Right now, though, the precise degree of future third-party support is unlikely to be much of a concern for Nintendo's ardent followers. With Zelda: Breath of the Wild, it seems to have delivered a first-party exclusive that not only beats anything released in the Wii U's lifetime, but may be among the best games in the company's long and storied history. At the time of writing, Breath of the Wild's Metacritic rating stood at 98% after 56 reviews, and the pitch of the praise gives no indication that its average will drop any time soon.
Nintendo Life calls it "a landmark release for its franchise and for Nintendo," but this isn't a case of a single-format website preaching to its choir.

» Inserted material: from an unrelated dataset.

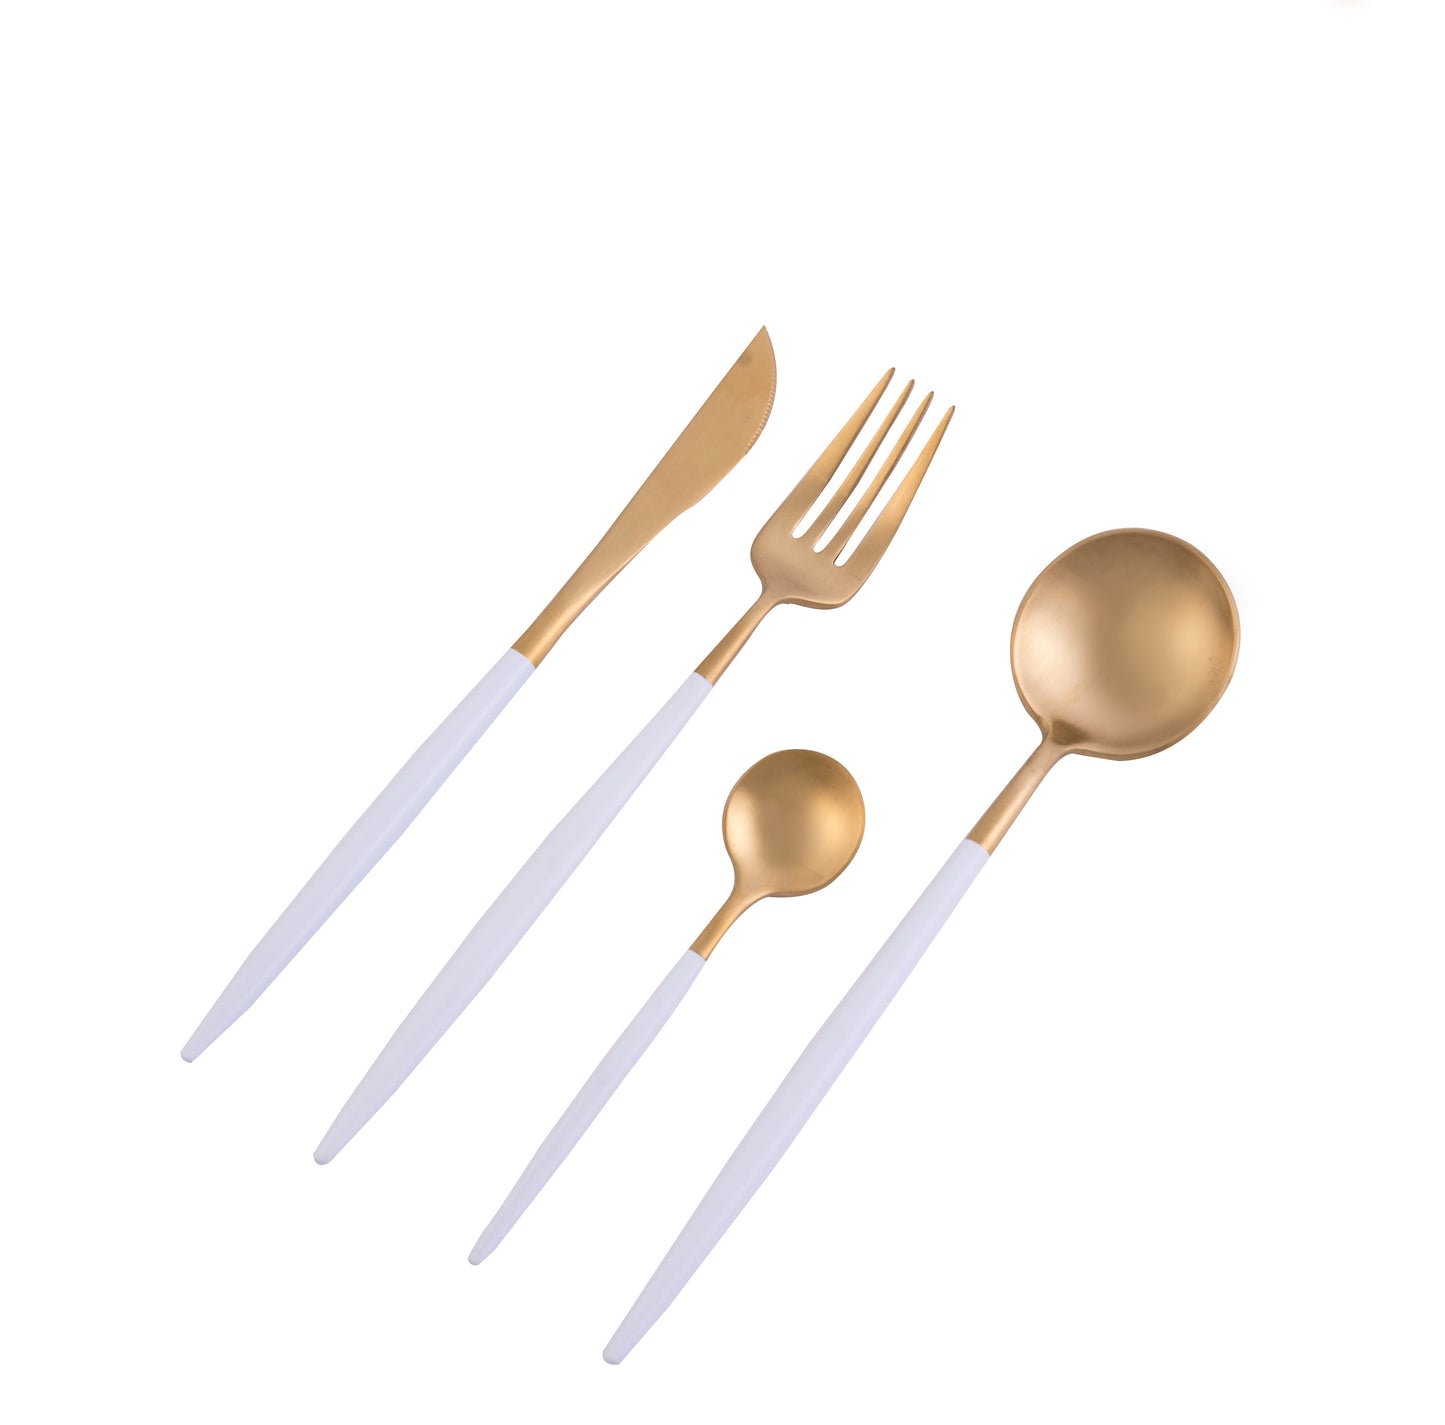 Dubai 16 Piece Cutlery Set - White and Gold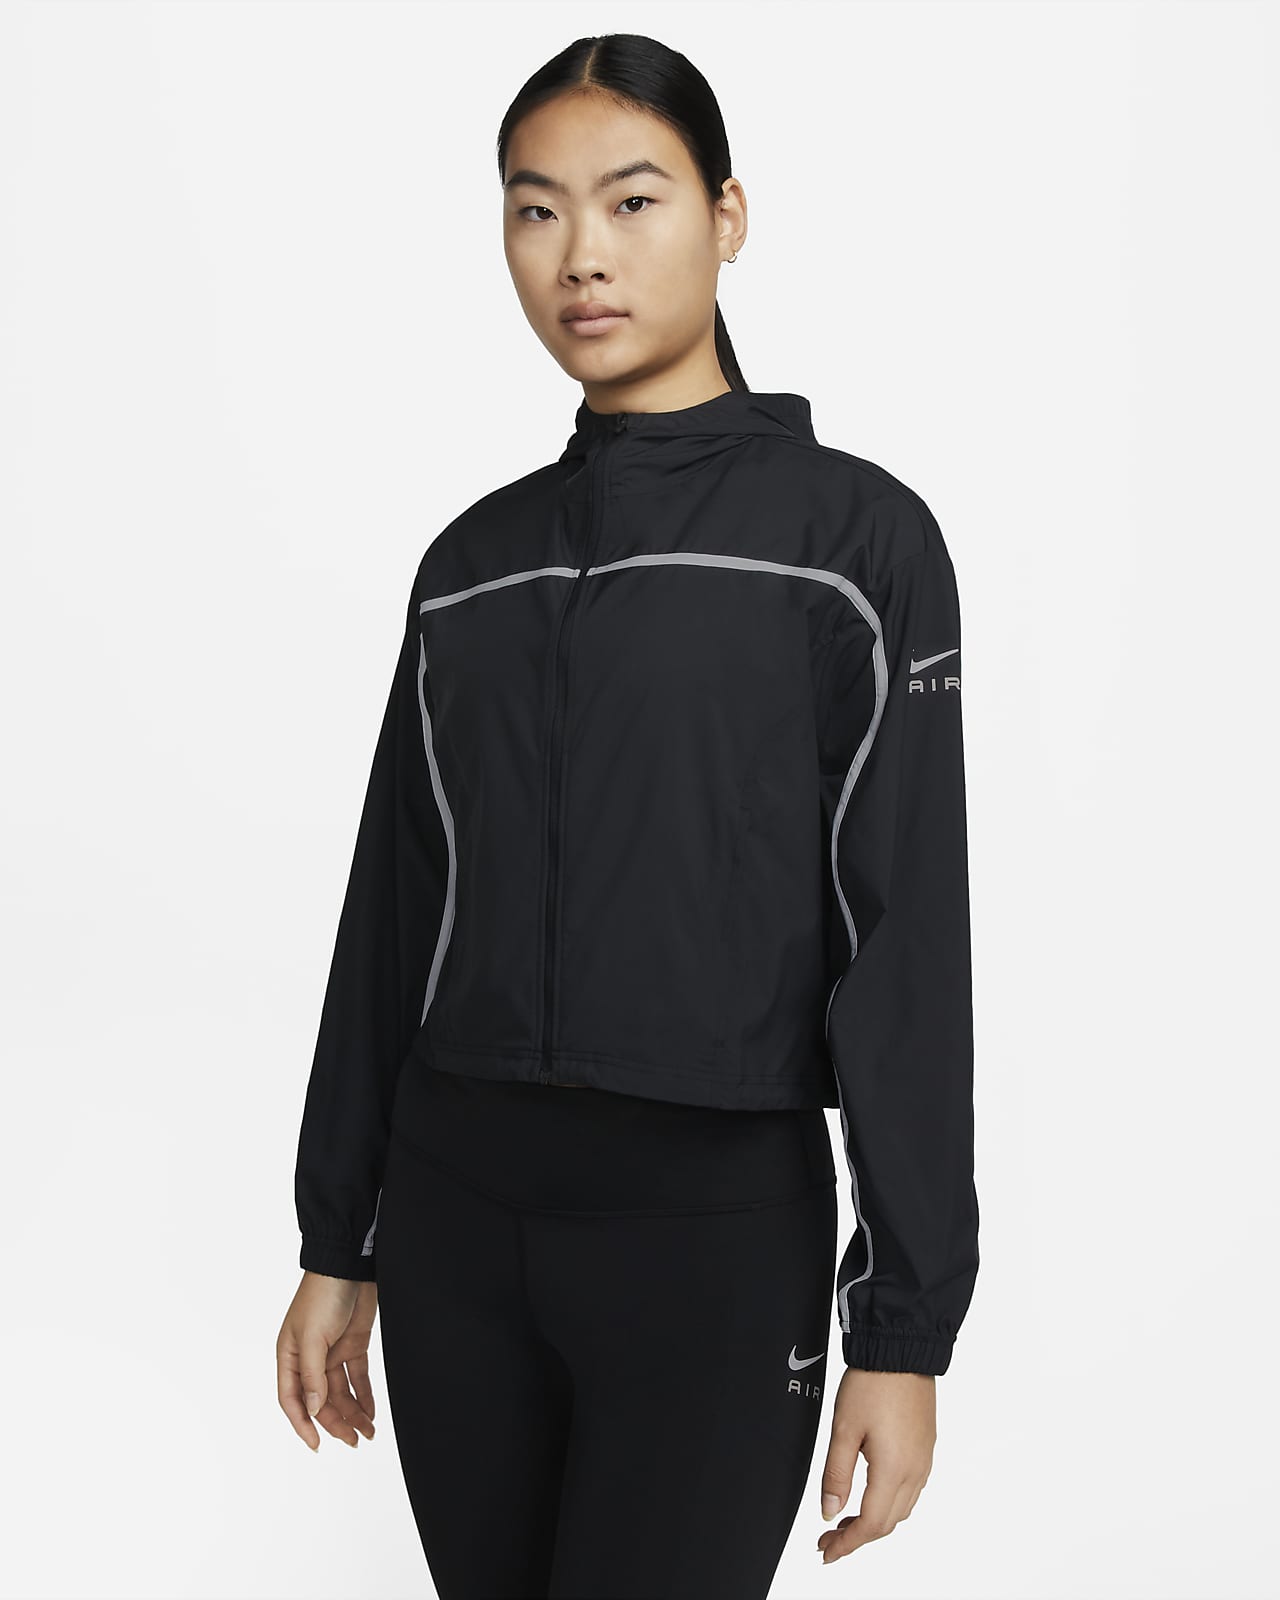 Air Women's Jacket. Nike

Eurogamer lauds it as "the first Nintendo game that feels like it was made in a world where Half-Life 2, Halo, Grand Theft Auto 3 and Skyrim happened," while The Daily Telegraph goes further still, its writer expressing his conviction that Breath of the Wild "is one of the very finest video games ever made."
Let's hand the last word to Edge magazine, which has a well earned reputation for its frugal way with review scores. From there, as with so many publications, the final mark is a perfect 10, and an assurance that, even if it fails to sell a single console, Nintendo has at least crafted a game for the ages.
"Nineteen years on, Ocarina of Time is still held up as the high-water mark of one of gaming's best-loved - and greatest - series. Now it may have to settle for second place."